6 thoughts on “Realistic Layout Operation

  1. @pembroke87.ca

    I think "satisfying" is a really good measure! I feel there is no point striving for maximum accuracy if operating friends get fed-up running the trains.

    I once tried applying some random "interventions" to an op session. For example declaring a switch failure such that one of the yard tracks was unavailable for a while. Whilst this may be realistic it merely resulted in frustration, and I didn't repeat it.

    1. @pembroke87.ca

      Operational realism is somewhat in the eye of the beholder I guess. What I do strive for though is to slow the trains down. Nothing ruins the view more than a model of a hulking locomotive screeching to a halt in half a car's length!

      1. I find there are enough real events that disrupt operating sessions that you don’t need to invent interventions!

        Slowing down seems to be a theme across the hobby, although I think it can be taken too far. I wonder if the reason we like it is that the models appear to have greater momentum when they’re moving slowly?

      2. @pembroke87.ca Yes indeed, one needs to strike the right balance between operational fidelity and fun.
        There's nothing quite like a model steam locomotive taking off like a top fuel drag car to shatter the realism of a carefully crafted model railway!

  2. “Realistic operation” for your era will be so different from what is today, or even existed on the GTR of the time. With radio still in its infancy, switching is done using hand signals. Maybe the line uses telephone dispatching, but more likely it’s telegraphy that’s used. A smaller line like the Canada Atlantic will doubtless have its own operating practices that likely will differ somewhat from the GTR, too. Maybe not all cars have air brakes yet. They’d be through-piped to permit their being in a train. Airbrakes are mandatory in your era on all Canadian railways; they have been since about 1893. I recall a contemporary quote to the effect of–“All trains must be equipped with a power brake that will not require train crews to use the common handbrake” ie the Westinghouse (now Wabco) automatic air brake. (or their competitor, New York Air Brake {now Knorr}). Yet brakemen might well be on top of cars of a train descending a grade “where failure of the brakes might be attended to with hazard”. Another quote from memory–“A call for brakes when running must immediately be answered by each trainman opening a Conductor’s valve and applying handbrakes.”

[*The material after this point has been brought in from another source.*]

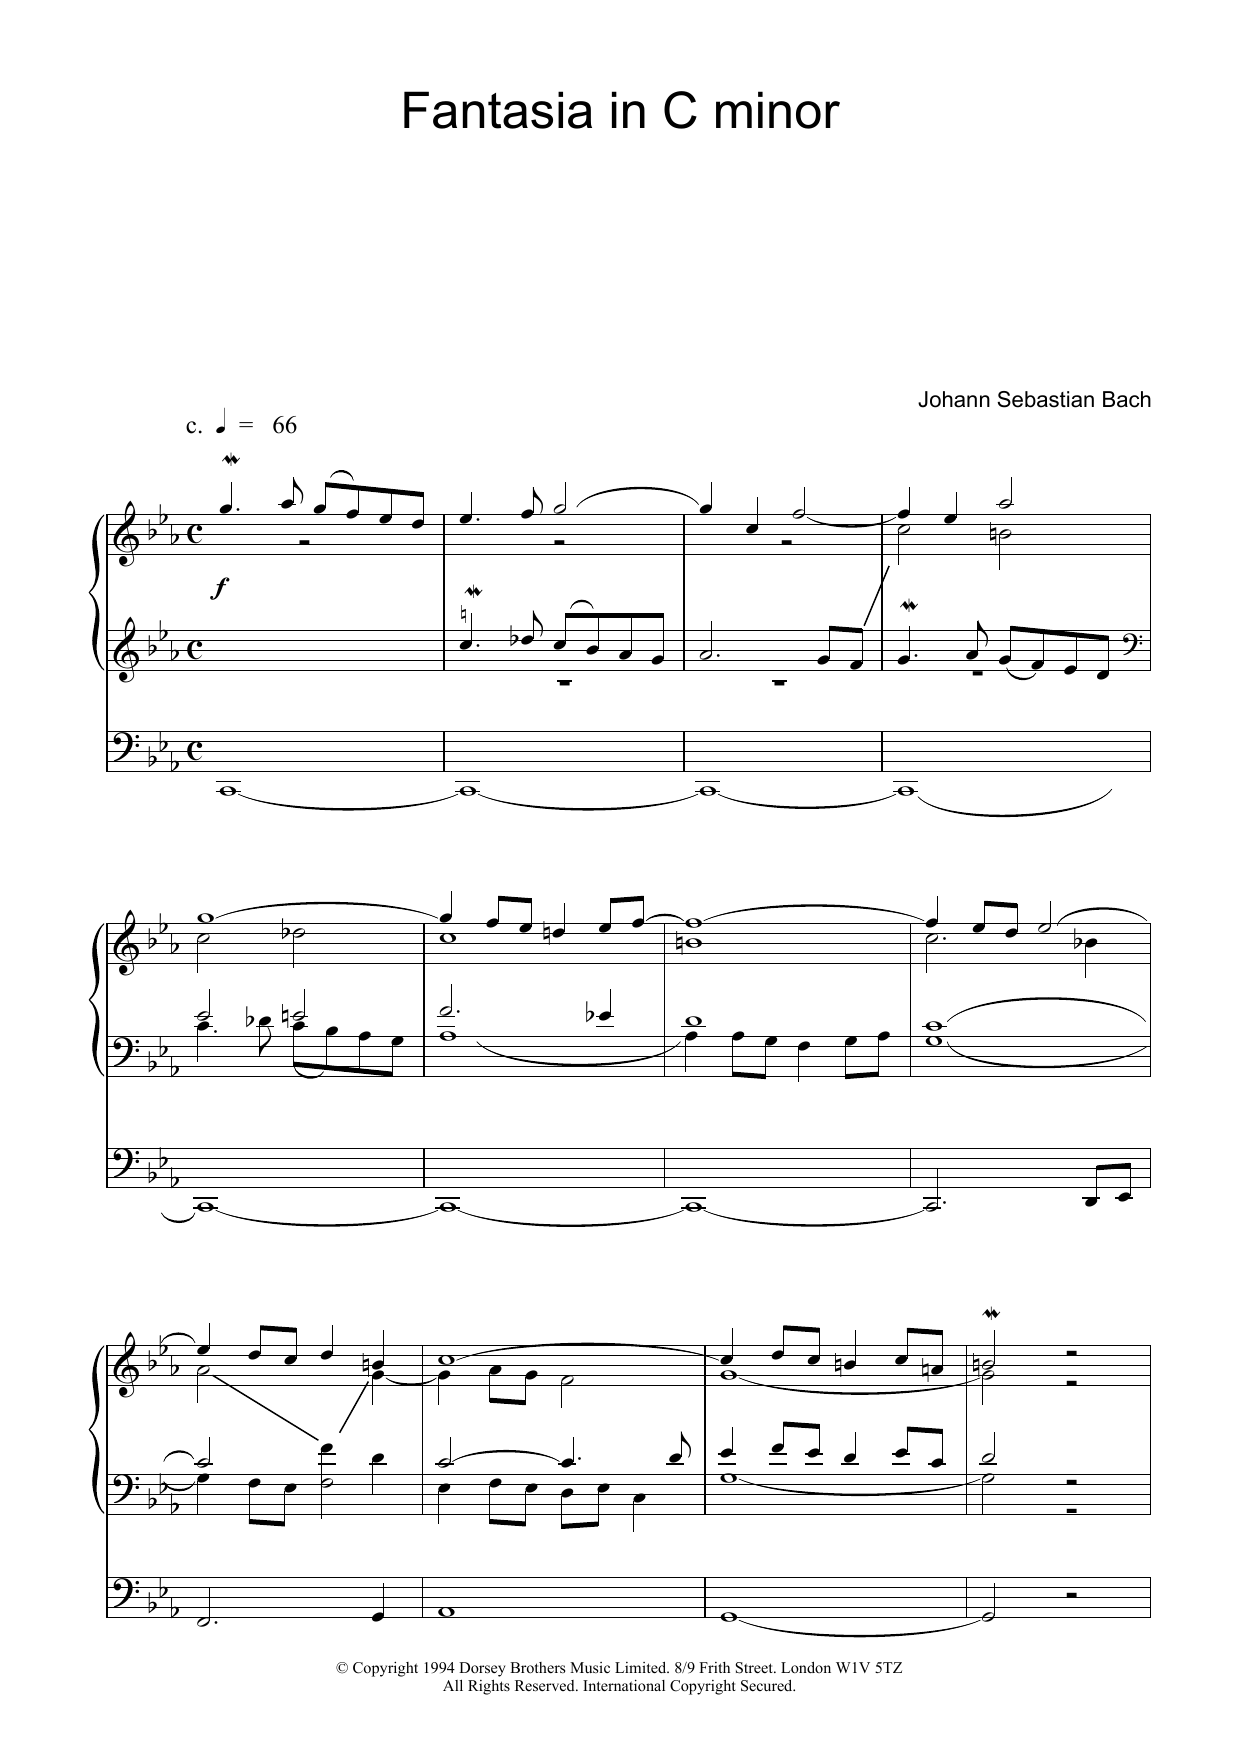 Johann Sebastian Bach Fantasia and Fugue in C Minor, BWV 537 sheet music notes and chords. Download Printable PDF.

    Retired from CN as a mainline locomotive engineer running between Sarnia and Toronto after 35 years in the running trades starting as a brakeman, I’ve had my share of sad experiences I will not relate here. But I was taught so many hand signals as a new brakeman. Car counts, instructions to apply hand brakes or throw a switch (you never throw a turnout“–what is that nonsense anyway?). The switch is the part of the turnout that moves, and which is thrown to rotue rolling stock from one track to another. A hand signal for “I’m going in between cars to couple air hoses” (aka “hosebags”)

    Whistle signals–four short blasts to request a signal. Three short blasts to indicate that the engine is about to back up. Two long and two short for a public crossing, sounded starting 1/4 mile from the crossing, commonly at a whistle post. The current version of 14L for public crossings was introduced in the 1940’s.

    You’ve done a great job creating the appearance of an independent railway of the early 20th century; its operation will be very distinct, too. There’s so much more on this that I can expand on should you be interested.

    Steve Lucas

    1. Yes, please! The Canada Atlantic moved to the uniform code of operating rules (maybe not the right title) in 1903 I believe. I do have a rule book from just before that time. Communication was by telegraph, and interchange cars would have had air brakes, and all CA cars were fitted in the mid 90s when the car shops experienced a wood shortage. So, the CA in 1905 looked more like a “modern” railway than not. Car service rules, I believe, were still in their infancy. These are all details I would like to get right, but I don’t know if they will feel “realistic” when they do, or will they be so foreign to someone like Tony that they will feel like the hydrogen railway he mentions in his post?